The Flume gadget is, at the moment, mainly being marketed as a leak detector. It does give live updates of overall water usage, but does not currently distinguish between types of usage. (A friend who owns the device figures that out by watching the monitor in real time as, say, family members shower.) Flume promises such a feature will be rolled out as an update to its second generation device.

Nudge Systems is in talks with companies about using licensing and other agreements to bring the product to a broader market.
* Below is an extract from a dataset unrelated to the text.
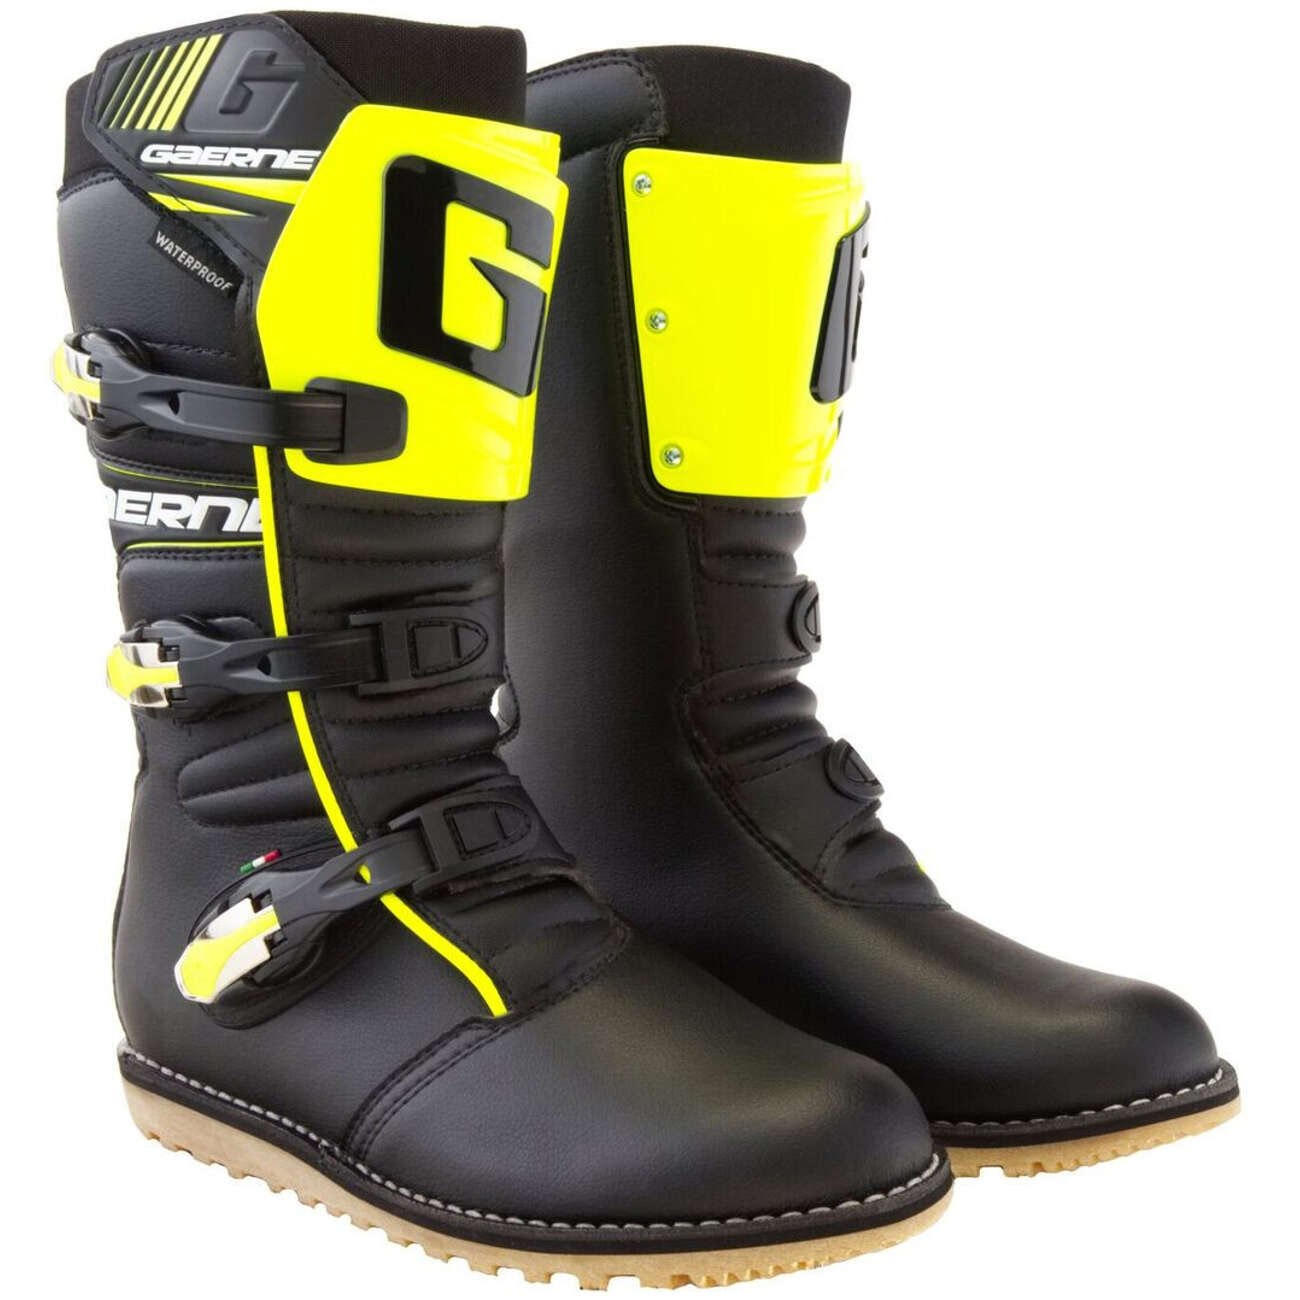 Gaerne Trial Boots Balance Classic Black/Neon
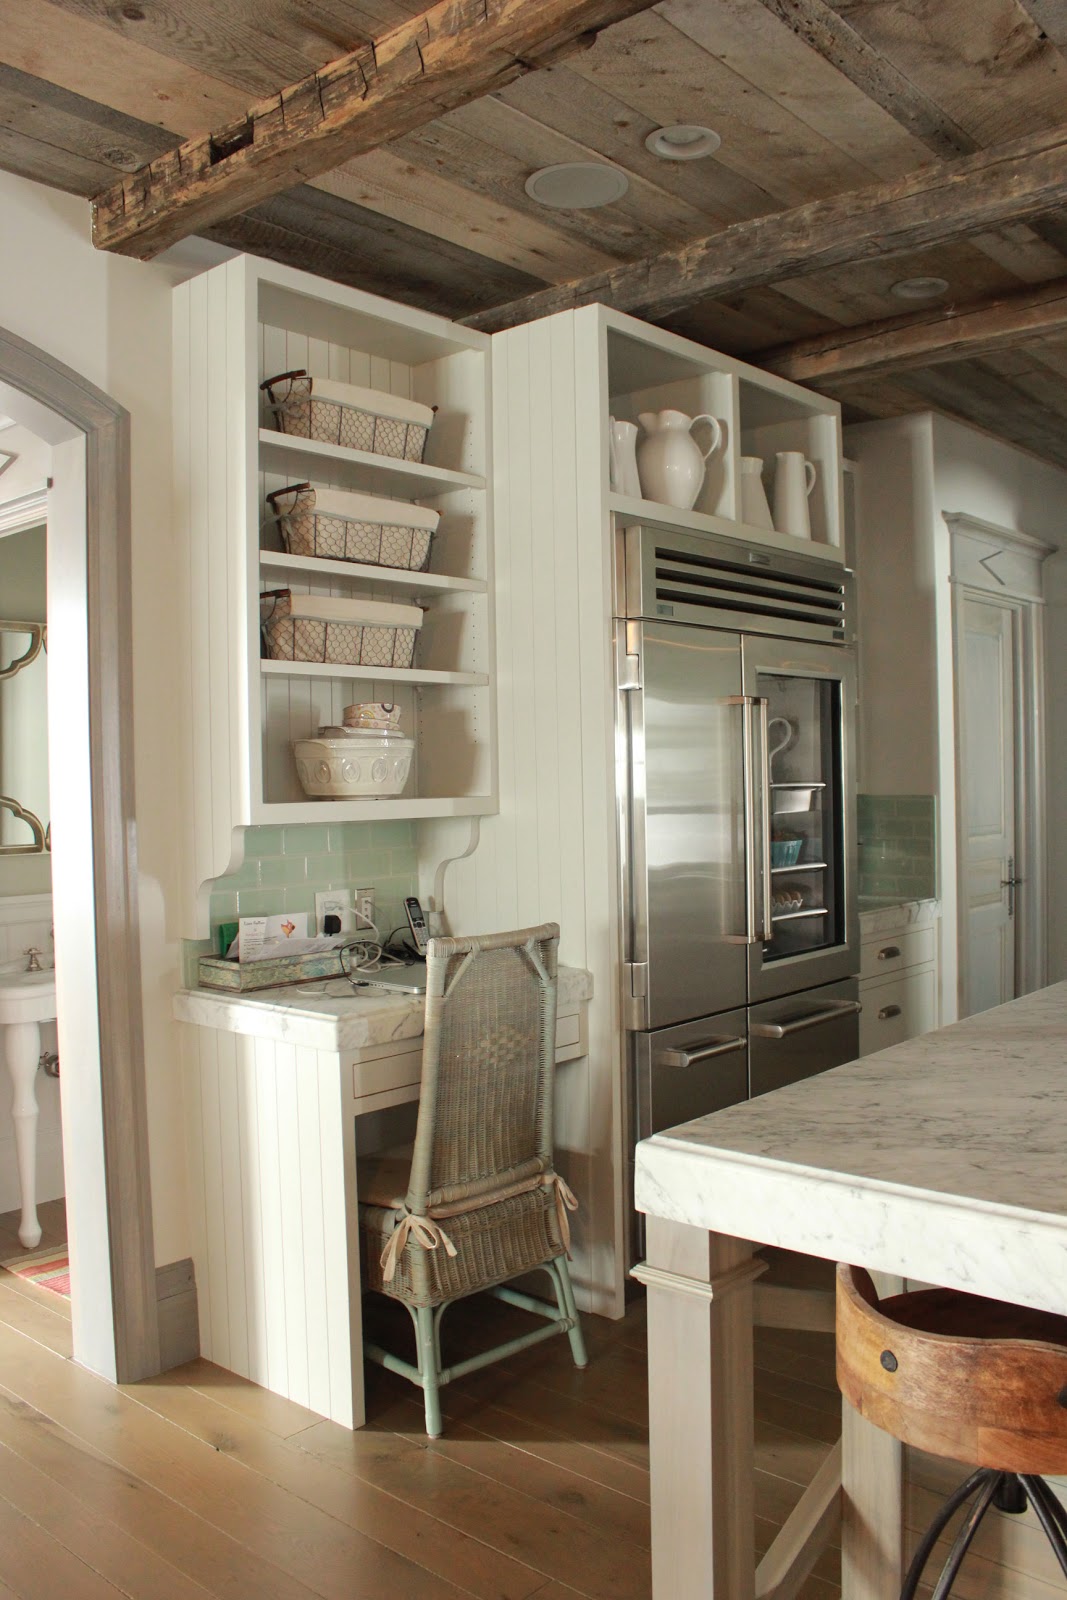 Magnificent Gustavian French kitchen in stone cottage with rustic interiors, reclaimed wood ceilings, blue-grey, green, and collected European antiques. Designed by Desiree Ashworth. Find ideas for grey, blue, and green paint colors.

DeCamargo says that there has been considerable  interest, to date, from outside the United States, including companies in Europe, Australia, and Saudi Arabia. Nudge Systems has also begun looking for funding in order to scale up production itself.

At My House: Eight Weeks Later

After I got that Pleco in the ground, I did have a little trouble pairing it with the indoor receiver, mainly because I failed to strictly follow the instructions, which required that they be separated by 15 feet to avoid signal saturation.

The display, smartphone app, and online tools all display minute-by-minute use for the current day in easy-to-understand graphics. They break down water use by category in real time, and aggregate use, again by category, for day, month and year. The web version adds access to any individual day’s record in the past. With just two people in the house in this work-at-home world, I could easily compare the length of my husband’s shower to mine. (His is longer.)

Pleco appTekla Perry

I do find having a leak detection capability reassuring, and that would be the main reason I would buy the device, finding water savings as we enter another drought summer would just be a bonus.

Meanwhile, DeCamargo and his team continue to work on the software, looking at ways to make the information more useful. They realize that turning a DIY project into a successful consumer product is a long shot.

But, says DeCamargo, “We followed our dreams, and we are making something happen with them. We came up with a product that has some limitations, but we are happy to keep working on it. And we are having fun in the process.”